▶ **INFORMATION PROVIDED**
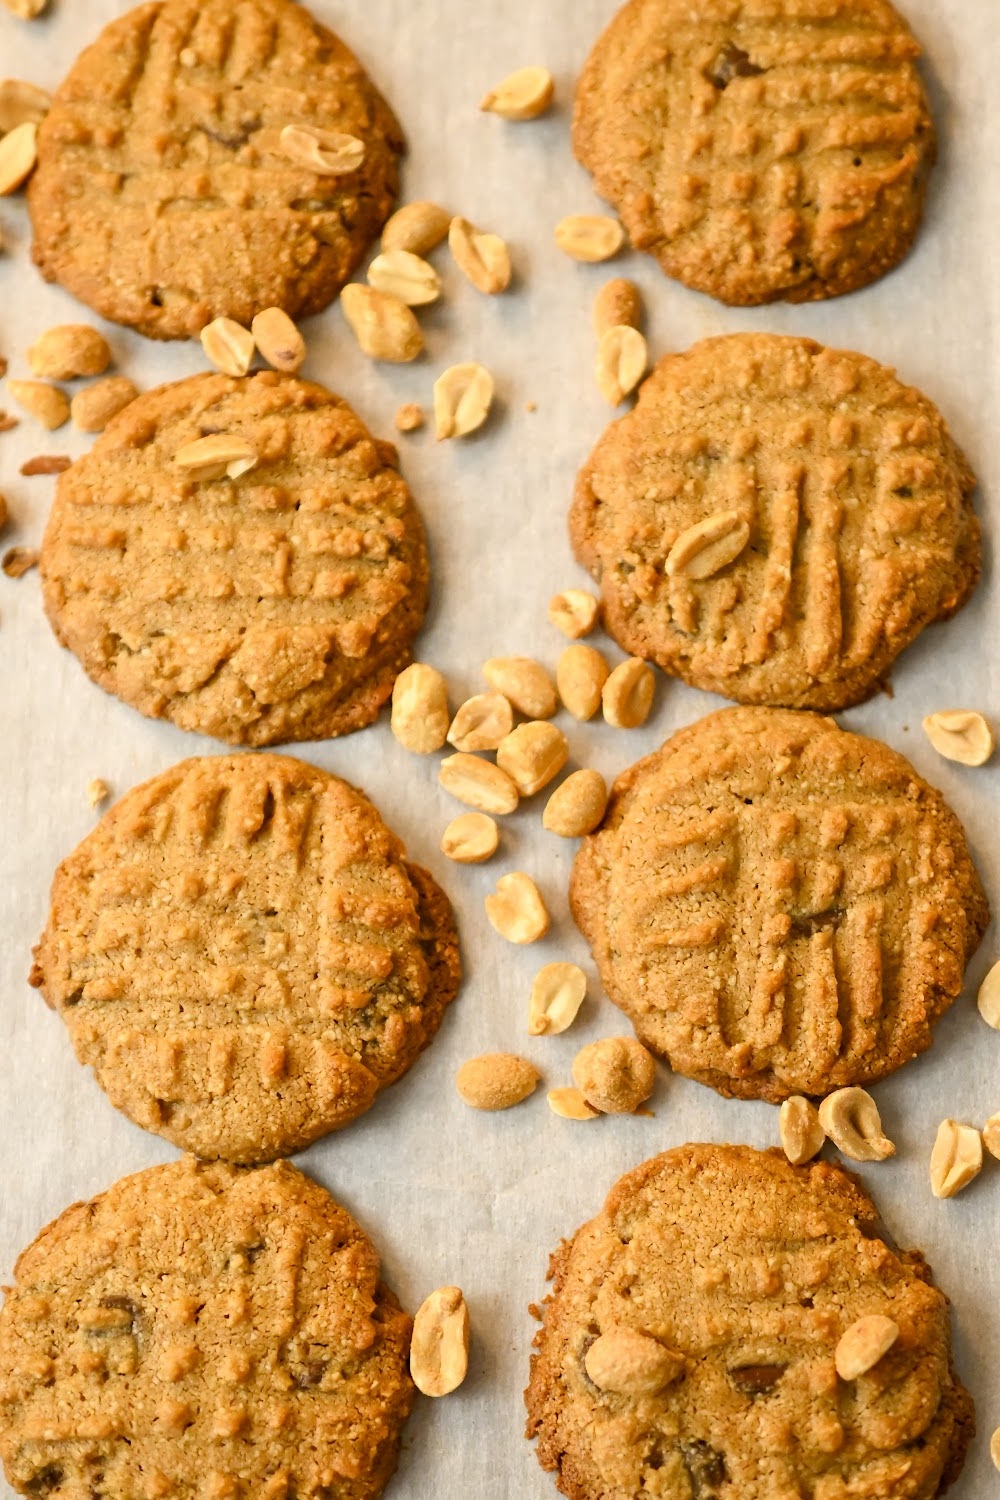 keto-friendly peanut butter chocolate chip cookies baked on a parchment lined cookie sheet
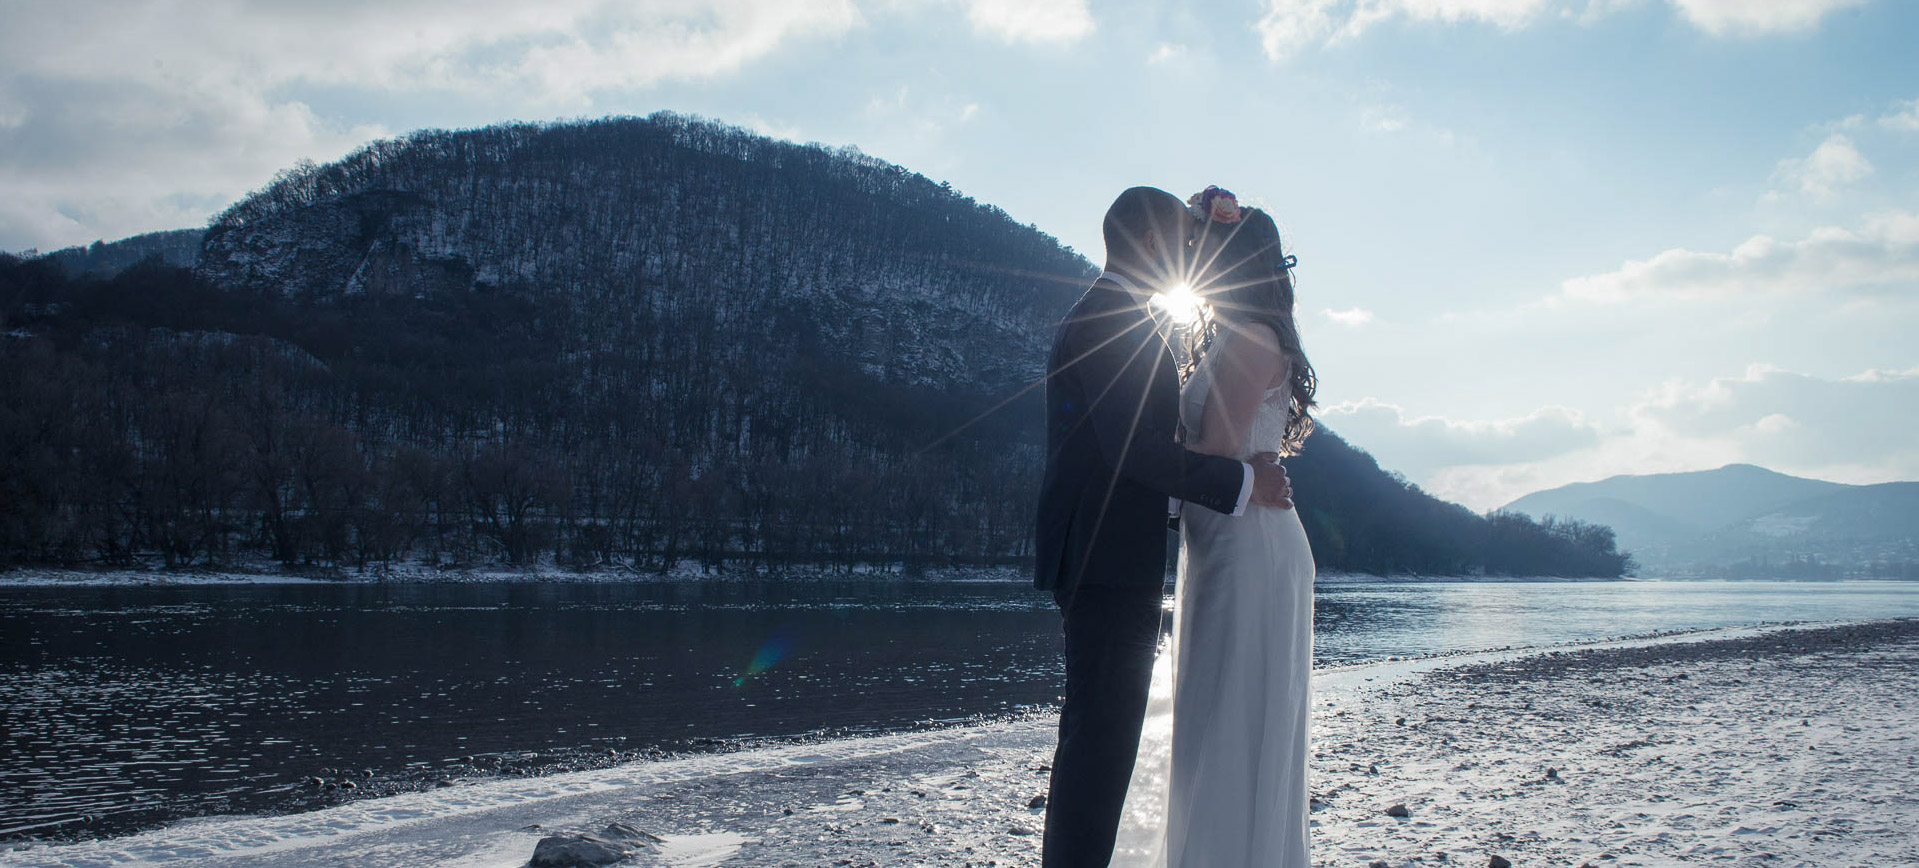 Adventure wedding in Hungary - hiking and kayaking - a time for a kiss
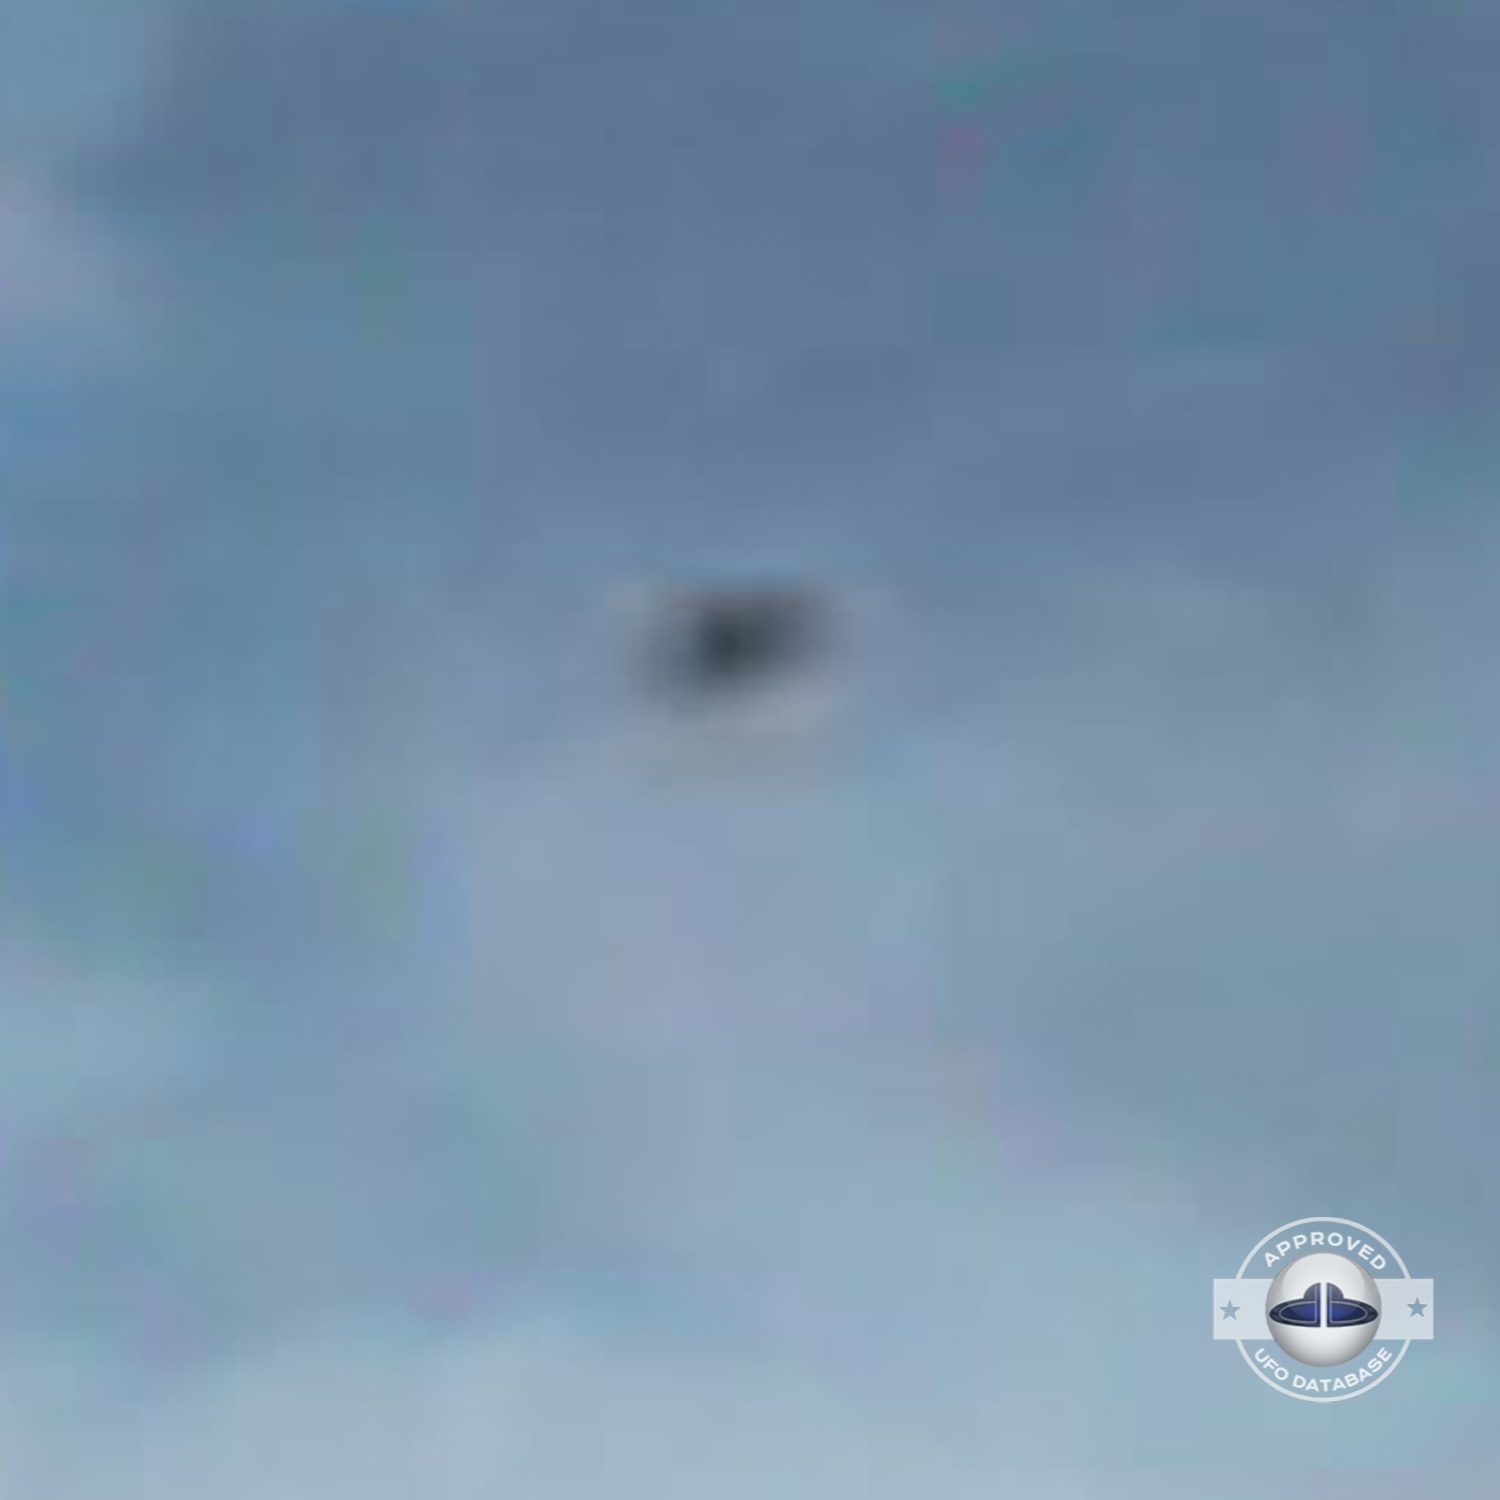 While taking a picture of 2 persons near lake Titicaca, capture a UFO UFO Picture #82-4

▶ **EXERCISE INSTRUCTIONS**
What is needed is the listing above, repeated verbatim, without its images.

▶ **ANSWER FOR THIS EXERCISE**
 keto-friendly peanut butter chocolate chip cookies baked on a parchment lined cookie sheet
 Adventure wedding in Hungary - hiking and kayaking - a time for a kiss
 While taking a picture of 2 persons near lake Titicaca, capture a UFO UFO Picture #82-4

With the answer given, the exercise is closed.